With a goblin, apparently, and a room. So the game amusingly informs you at the very start. You start off in a generic fantasy dungeon, locked in there by a goblin called Nurgle. You have no weapons and you're without any possessions aside from a stick. No way out? Actually there's quite a good puzzle here which starts the game off well. (On the downside, the most obvious command of them all – “kill Nurgle” – isn't covered.)

Unfortunately, it’s now been a year and a half since How It All Started came out and as no subsequent games have been released, I think it’s a safe bet to assume that one was all Kevin Treadway had in him. A pity. While there are rough edges in How It All Started, it’s an accomplished game for a newcomer and boded well for any future releases.


Annoyances

Though accomplished for a game by a newcomer, How It All Started has several annoying problems.
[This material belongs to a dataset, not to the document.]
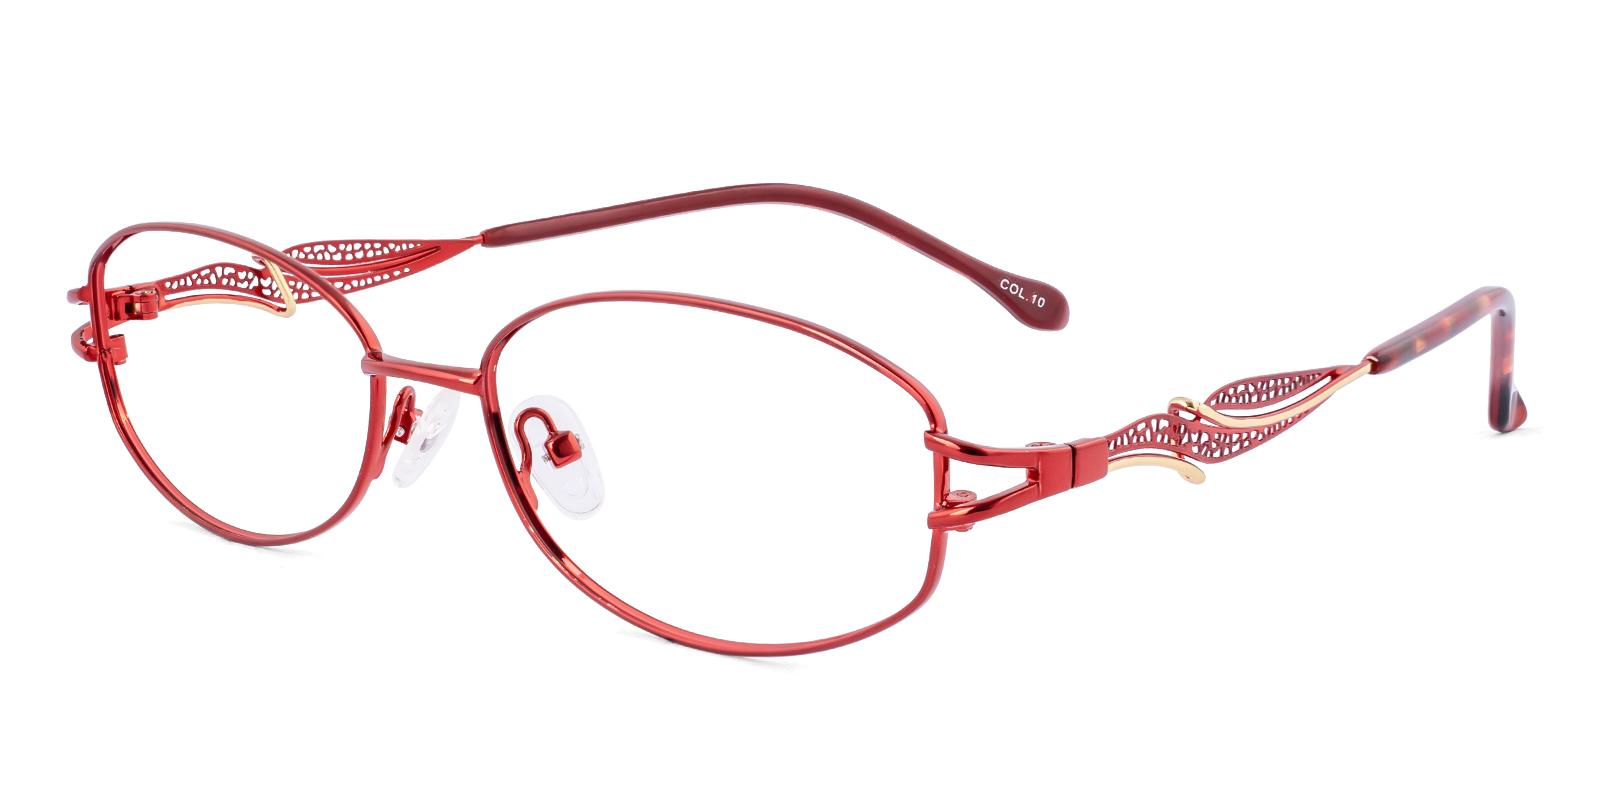 Glplious Red Metal Eyeglasses , NosePads Frames from ABBE Glasses

The Grotto location features a waterwheel and a shack yet the shack can’t be entered. Also in the Grotto is a gate featuring a metal panel with a slot in it. Only one item can be inserted in the slot but attempting to insert the wrong items proves an unhelpful error message stating that nothing can be put in the slot. While no big deal, it was still annoying as by the time I found the one item I needed I had tried every other item in the game and been hit with the error message every time. Some kind of better response would have been nice: “You can’t put the sword in the slot. It’s too wide.” would have worked well. There's also a pole here as well but that’s apparently nothing very special as it doesn’t even warrant a description.

Another location features a pool of water yet trying to enter the pool or swim in it doesn’t produce any proper response. Is the pool just an illusion then?

Many of the problems with the game are most likely down to the fact that the writer was a newcomer and didn’t know to cover some of the responses. A rewritten and revised version could easily fix the majority of these problems.


Short But Sweet

How It All Began isn't a very long game and aside from a few annoying guess the verb problems and non-obvious commands, it shouldn’t take you very long to get to the end of it. The end hints that it might well be a kind of prequel to a larger work but as no subsequent games have been forthcoming, maybe that’s not the case after all. A pity. While it’s got its fair share of rough edges, it’s a decent enough game and it’s a shame the author never went ahead and wrote anything else.